→ **What the exercise asks**
Retype the data exactly, skipping any picture in it.

→ **Data**
>>

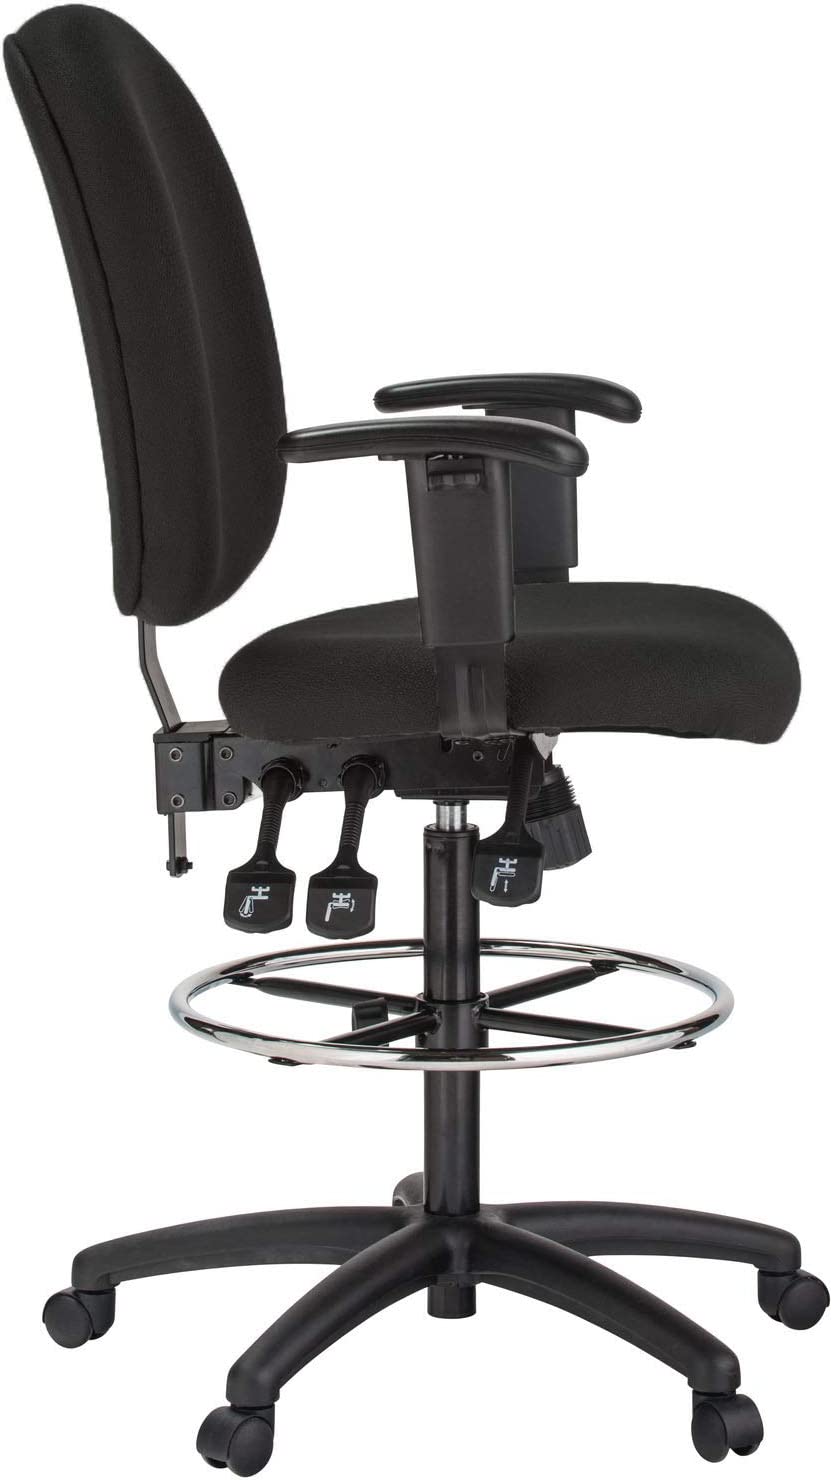 Harwick Extra Tall Ergonomic Drafting Chair - Black Leather
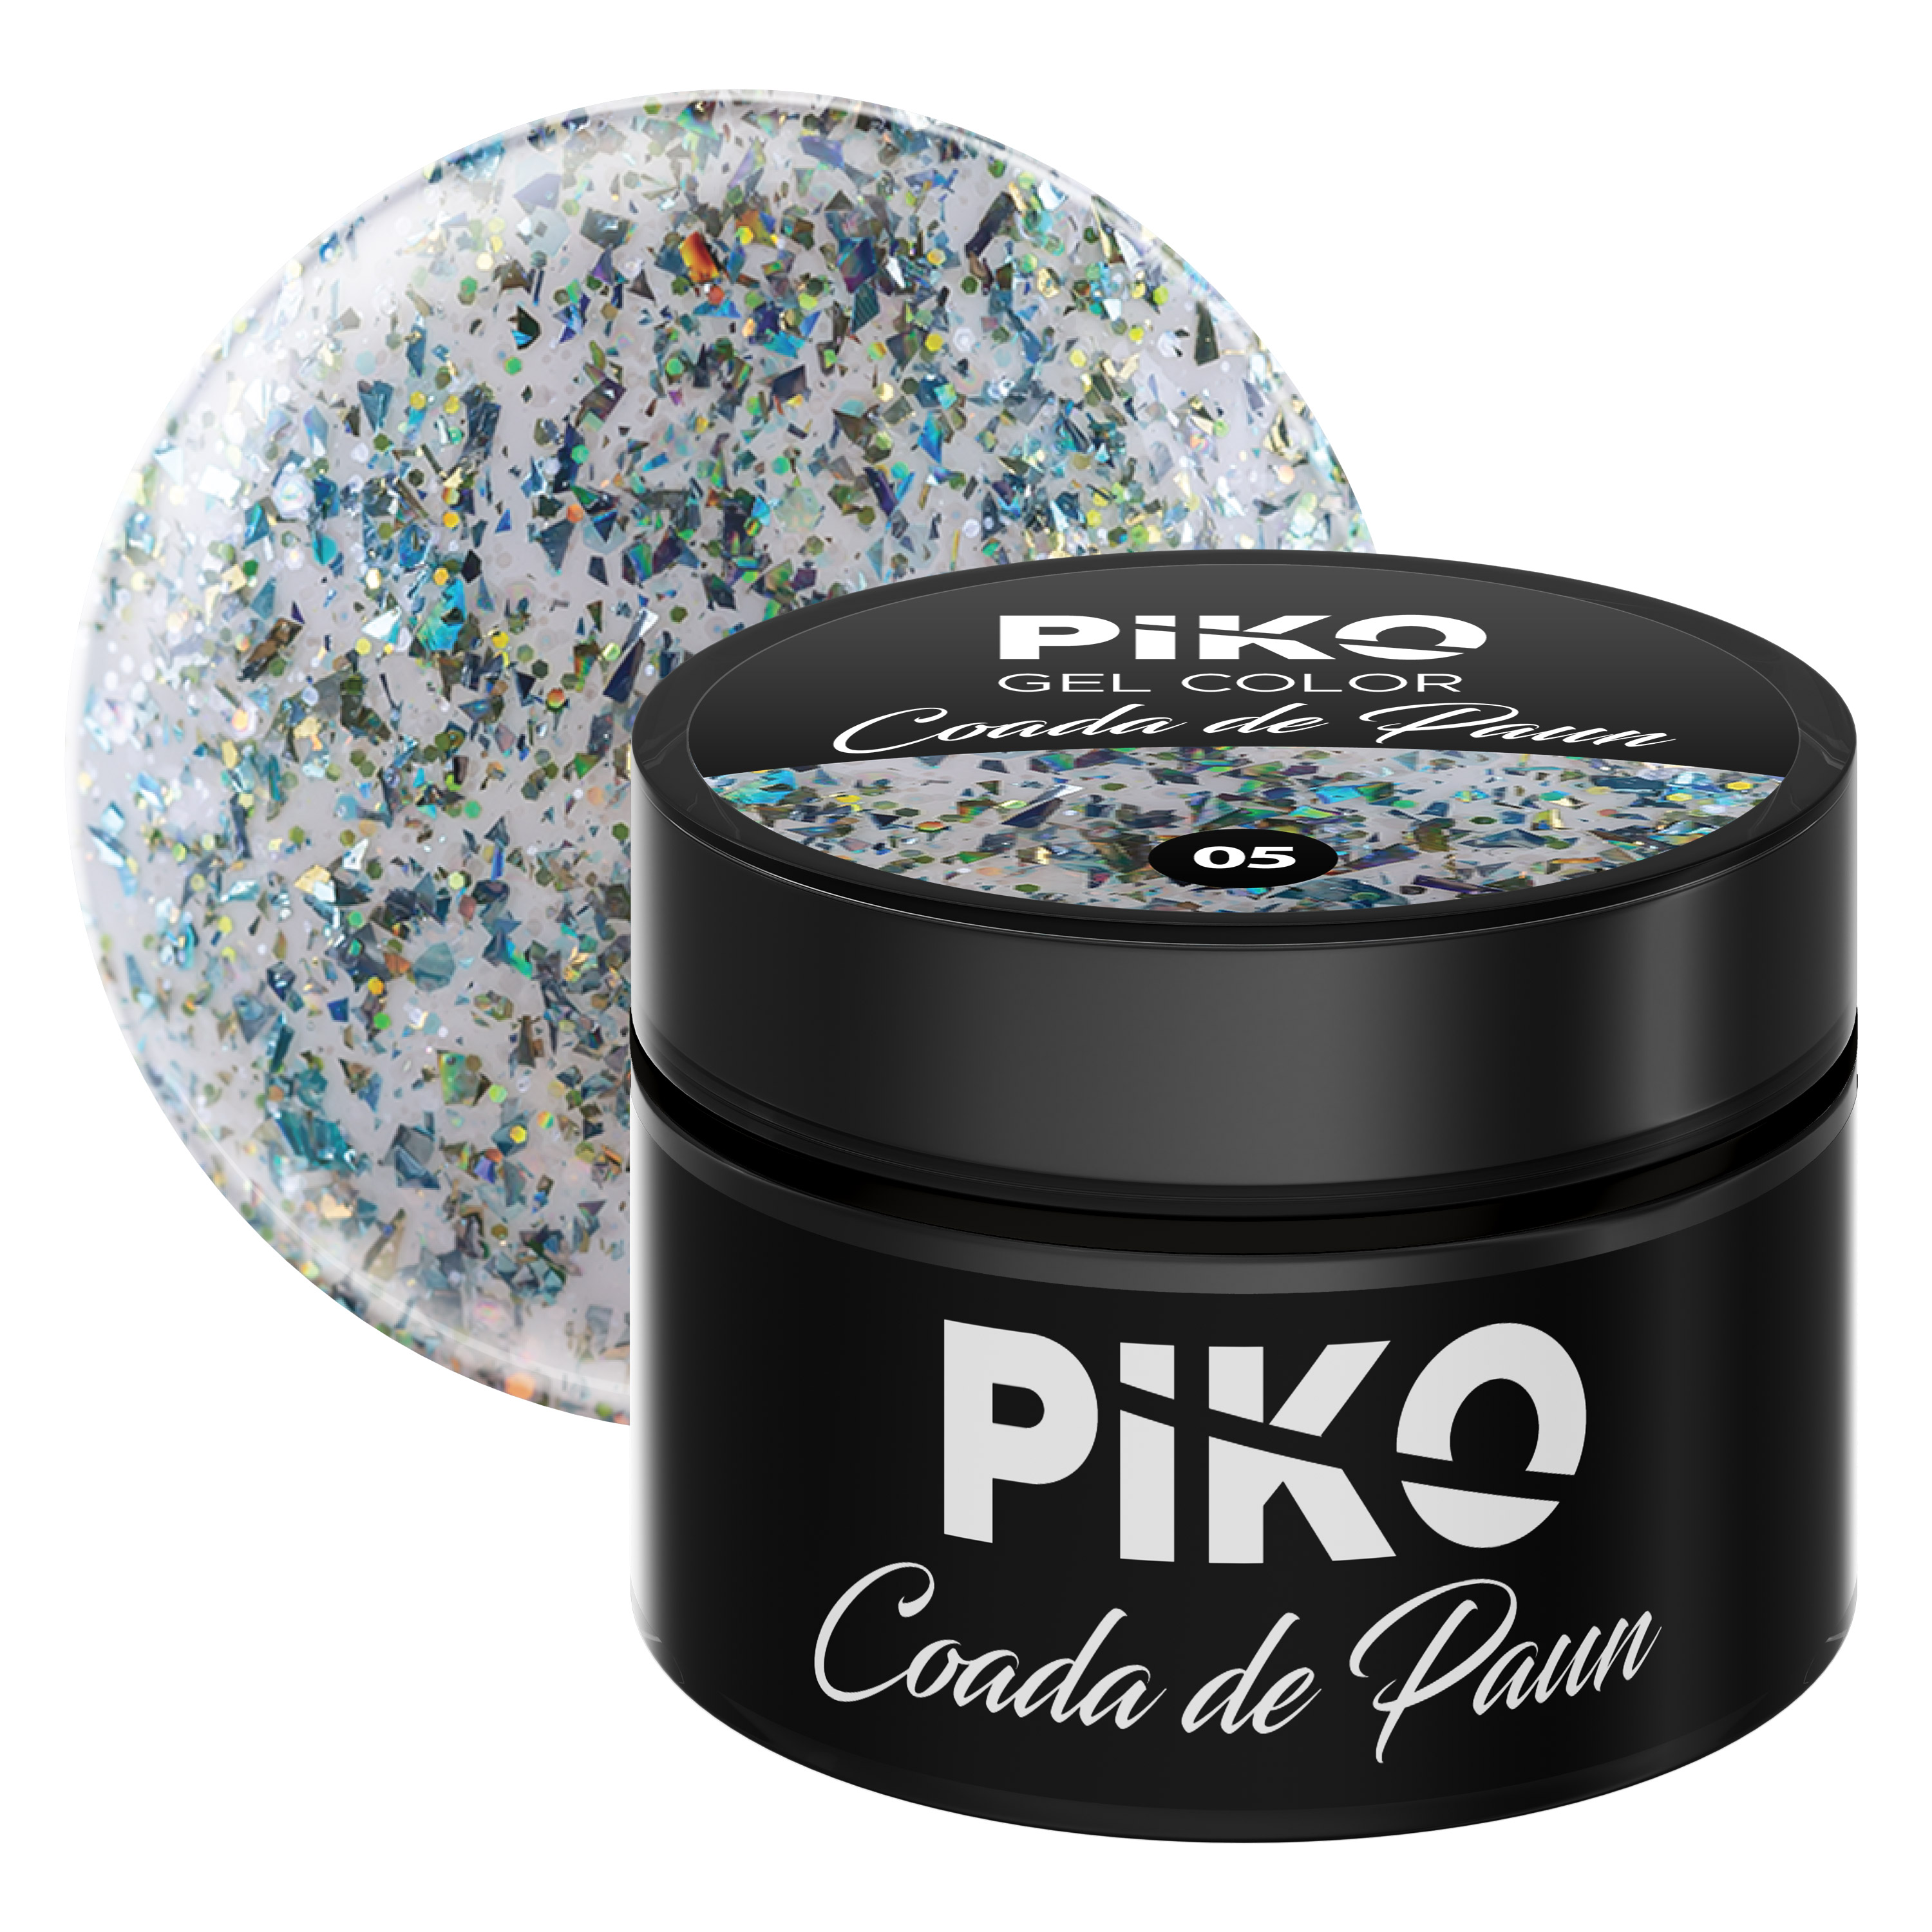 Gel UV color Piko, Coada de paun, 5g, model 05
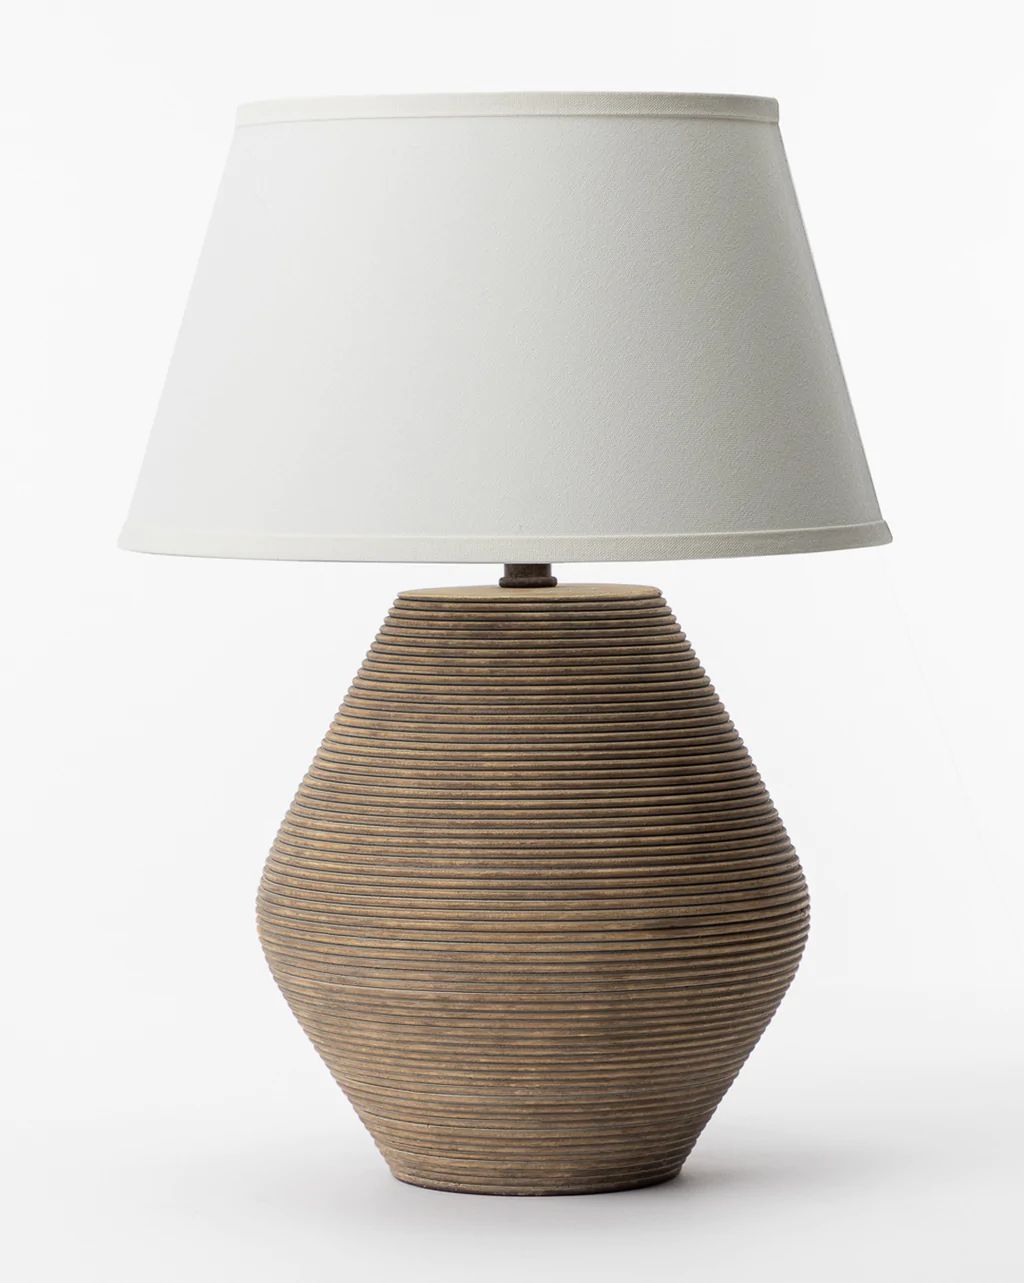 Rustco Table Lamp | McGee & Co.

<<

→ **Response to this task**
 Harwick Extra Tall Ergonomic Drafting Chair - Black Leather
 Gel UV color Piko, Coada de paun, 5g, model 05
 Rustco Table Lamp | McGee & Co.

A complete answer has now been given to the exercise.